After its 2010 British premiere and its 2011 American debut, the show ran six seasons. Its breakout star, from the beginning, was Smith, playing Lord Grantham’s elderly and still stubbornly Victorian widowed mother, Violet Crawley, the dowager countess. She disapproved of electric lights, was unfamiliar with the word “weekend” and never met a person or situation she couldn’t ridicule with withering imperiousness. When her daughter-in-law considered sending a younger relative for a stay in New York, Lady Violet objected: “Oh, I don’t think things are quite that desperate.”
Suddenly, in her mid-70s, Smith was a megastar.
“It’s ridiculous. I’d led a perfectly normal life until Downton Abbey,” she told Mark Lawson at the B.F.I. and Radio Times Festival in 2017, adding later: “Nobody knew who the hell I was.”
The closest Smith had come to such visibility was with the Harry Potter movies. She was Minerva McGonagall, the Hogwarts School’s stern but fearless transfiguration teacher, in seven of the eight films, from Harry Potter: The Sorcerer’s Stone” (2001) to Harry Potter: The Deathly Hallows Part 2 (2011).
McGonagall, wearing high-necked Victorian-style gowns, a distinctive Scottish brooch, and upswept hair beneath a tall, black witch’s hat, was a striking onscreen presence. Yet Smith did not find herself constantly pursued in public, except by children.

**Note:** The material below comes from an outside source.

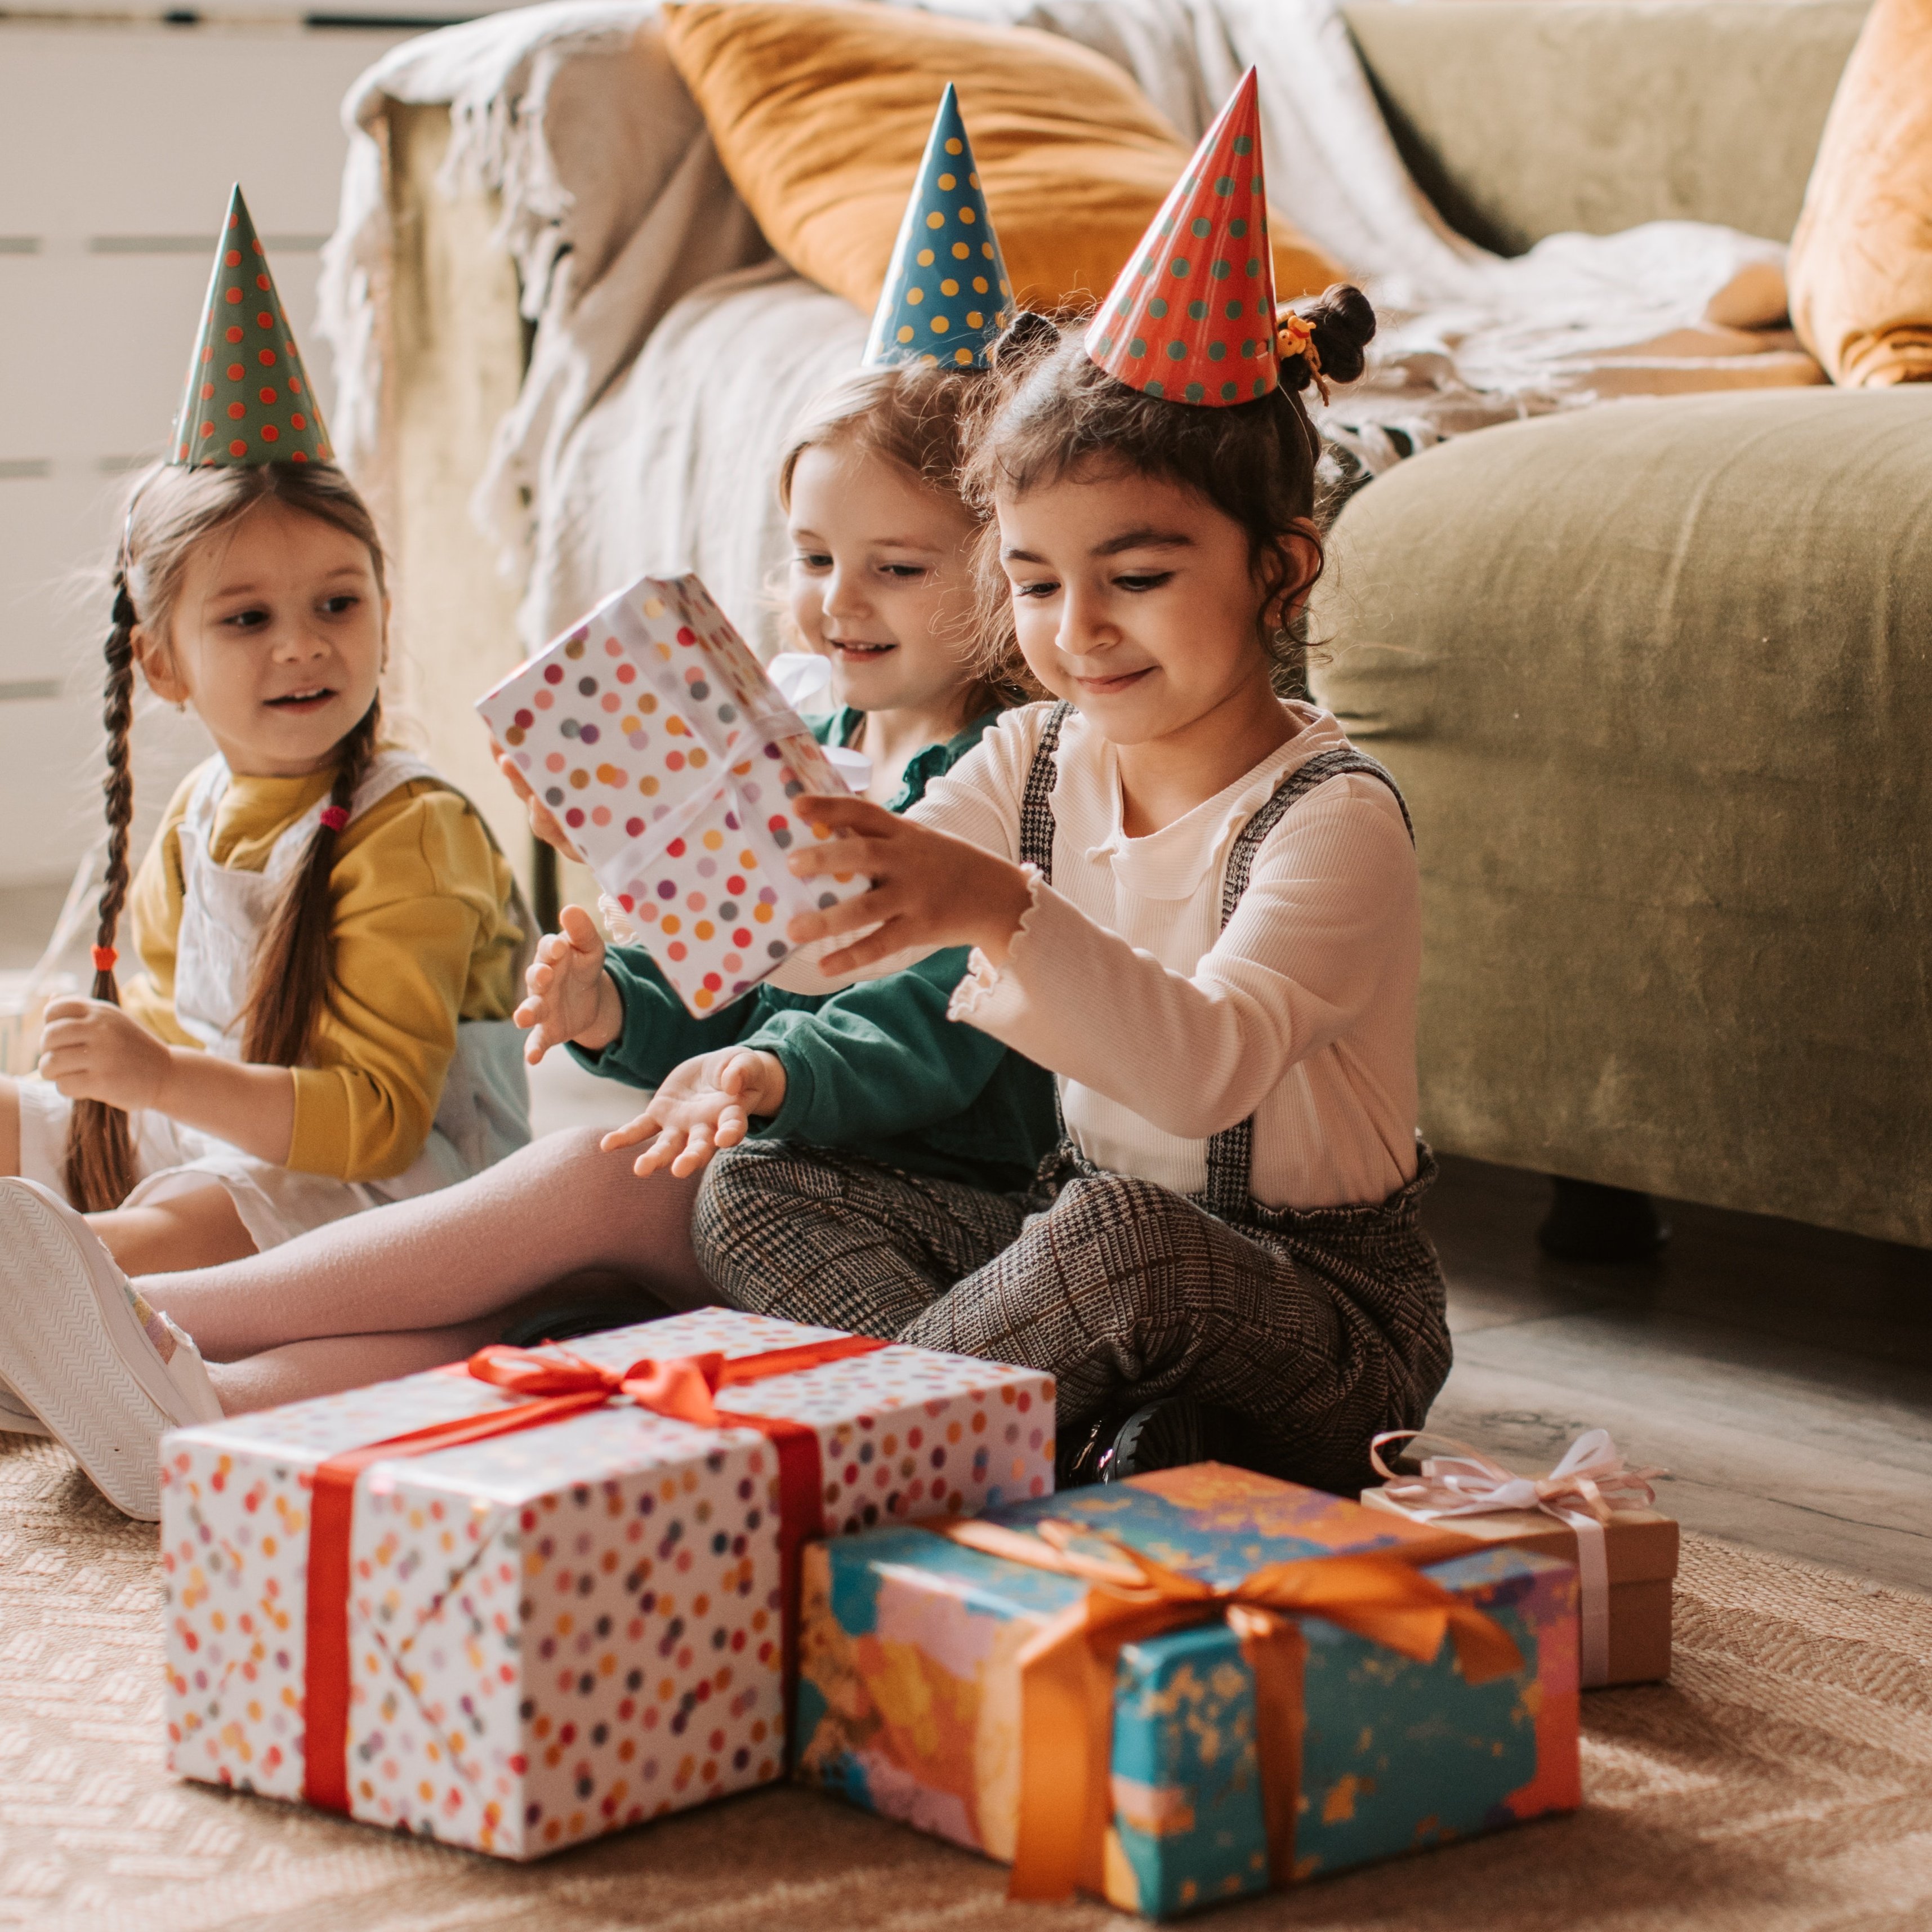 5 pomysłów na prezent dla dzieci – zabawki drewniane do 100 zł
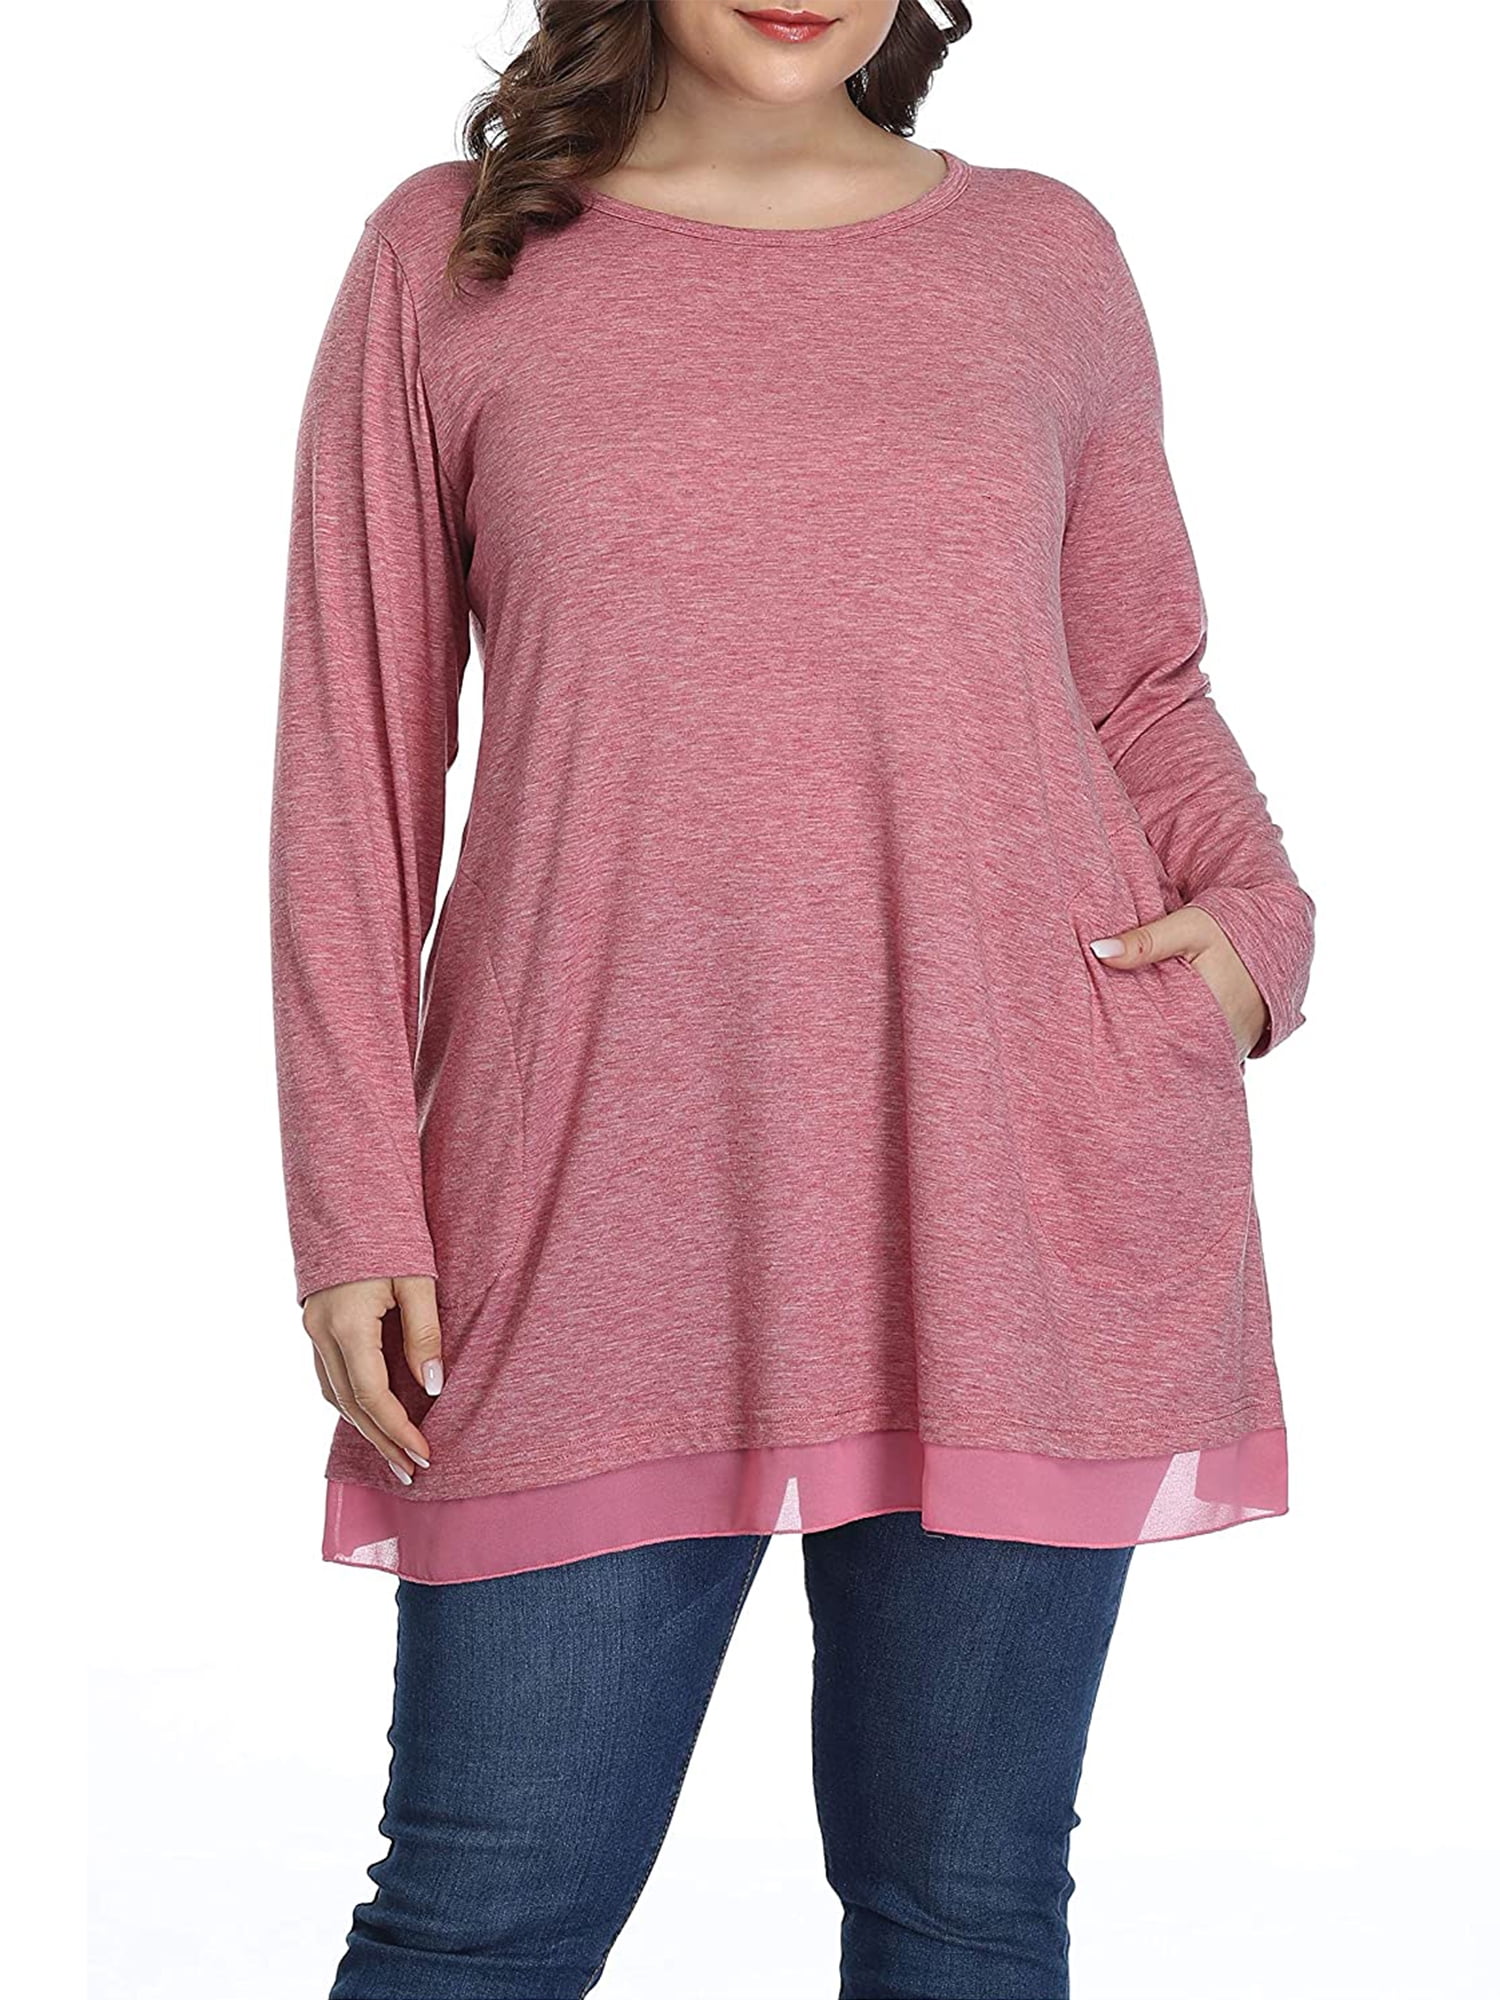 Womens Plus Size Shirts Chiffon Hem Tunic Long Sleeve Casual Cute Blouse Pocket T Shirt for Women - Walmart.com

“A lot of very small people kind of used to say hello to me, and that was nice,” she recalled on The Graham Norton Show in 2015. One boy carefully asked her, “Were you really a cat?”
Margaret Natalie Smith was born in Ilford, England, a town in East London, on December 28, 1934. Her father, Nathaniel Smith, was a public-health pathologist, and her mother, Margaret (Hutton) Smith, was a secretary who was born in Scotland.
When Maggie was 5, the family moved to Oxford, where her father taught. After studying at the Oxford School for Girls, she joined the newly formed Oxford Playhouse and made her acting debut in Twelfth Night (1952).
The urge to act had always been there. “It’s not even that you particularly want to be an actor,” she once said. “You have to be. There’s nothing you can do to stop it.”
Although Smith was in her early 20s when she appeared in her first movie (as a party guest in Child in the House, a 1956 drama) and made her London stage debut (in Share My Lettuce, a 1957 musical revue), it could reasonably be argued that she was never an ingénue.
Her early films included The V.I.P.s (1963), a Technicolor melodrama starring Elizabeth Taylor and Richard Burton, and The Pumpkin Eater (1964), a marital drama written by Harold Pinter. In the first, she was the mousy, adoring secretary of a handsome tycoon (Rod Taylor). In the second, she was Anne Bancroft’s weird houseguest who wouldn’t shut up — or leave. Both films were made before her 30th birthday, but both characters were, in their own ways, already world-weary.
Smith was just 37 when she starred in Travels With My Aunt (1972), playing Aunt Augusta from Graham Greene’s novel, an amoral world traveller in her 70s. New York was never a significant factor. After her Broadway debut, as a showgirl in New Faces of 1956, Smith stayed away for almost two decades.
Behind the quick wit, though, lay the heart of an introvert. On CBS’s 60 Minutes in 2013, when it was suggested that she had no interest in celebrity, Smith said: “Absolutely none. I mean, why would I?”
She had long described herself as painfully shy. Much earlier, in a 1979 interview with The Times, she confessed, “I’m always very relieved to be somebody else.”
In the 2018 documentary Tea With the Dames, an interviewer asked Smith if the first days on a movie set were still scary for her. “All days are scary,” she said.